At the hearing, the children’s DSS foster care worker testified the children had continuously been in foster care since they were taken into emergency protective custody approximately twenty-six months earlier.  She testified placement with the Father was not likely in the foreseeable future, and that efforts to place the children with family members proved unsuccessful.  According to the foster care worker, the only remaining option was to terminate Father’s parental rights and make the children available for adoption.  A DSS foster care supervisor also testified placement of the children with relatives had been explored, but no suitable placement was found.  The supervisor also testified terminating Father’s parental rights was in the children’s best interests, primarily because of the allegations Father killed their Mother, who the supervisor described as “the one stable force in their life . . . .”  The children’s guardian ad litem opined the children’s grandparents loved them, but they were not a suitable option for the children’s placement.  She testified “their father had demonstrated, through the children’s interaction with [her], a disregard for their well-being” and that she consequently did not find interviewing him necessary.  The guardian ad litem also testified she believed the children’s best interests would be served by terminating Father’s parental rights and placing them for adoption.  DSS sought termination of Father’s parental rights based on the two statutory grounds of Father’s abandonment of the children and the children’s placement in DSS custody for fifteen of the past twenty-two months. 

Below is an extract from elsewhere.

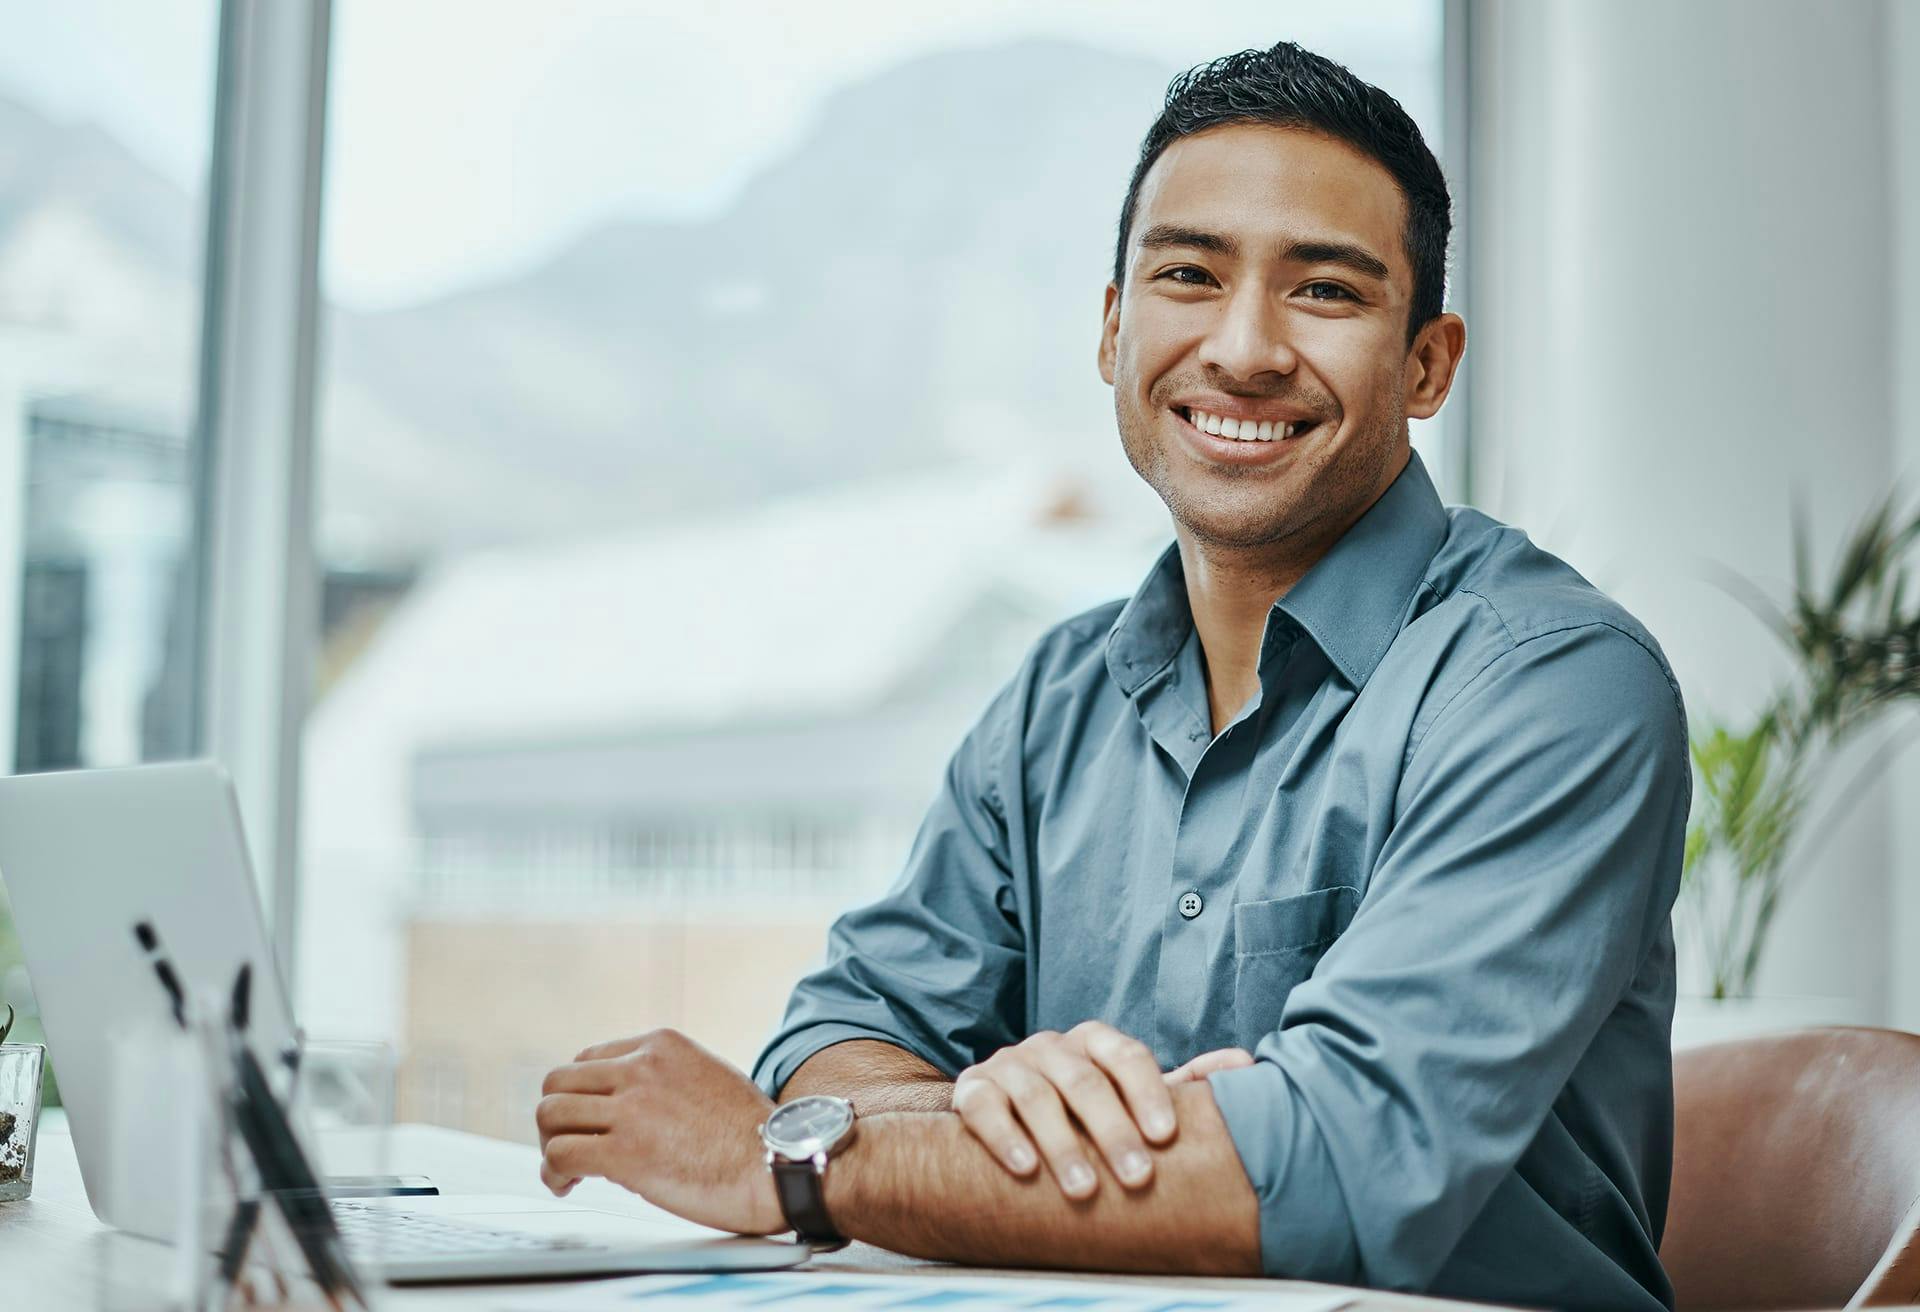 Man sitting at a desk, smiling

The court terminated Father’s parental rights orally at the conclusion of the hearing noting, in spite of attempts to find family members with whom to place the children, no suitable placement was found.  The court found the children had been in foster care for the preceding twenty-six months, and that time was of the essence such that it was in the children’s best interest that the matter not be delayed.  The court later reduced its findings and conclusions to a written order dated March 5, 2004.[4]  This appeal follows.

STANDARD OF REVIEW

In a TPR action, the best interests of the children are the paramount consideration.  Doe v. Baby Boy Roe, 353 S.C. 576, 579, 578 S.E.2d 733, 735 (Ct. App. 2003).  Before parental rights can be forever terminated, the grounds for the termination must be proven by clear and convincing evidence.  S.C. Dep’t of Soc. Servs. v. Headden, 354 S.C. 602, 608-09, 582 S.E.2d 419, 423 (2003).  On appeal, this court may review the record and make its own determination whether the grounds for termination are supported by clear and convincing evidence.  S.C. Dep’t of Soc. Servs. v. Cummings, 345 S.C. 288, 293, 547 S.E.2d 506, 509 (Ct. App.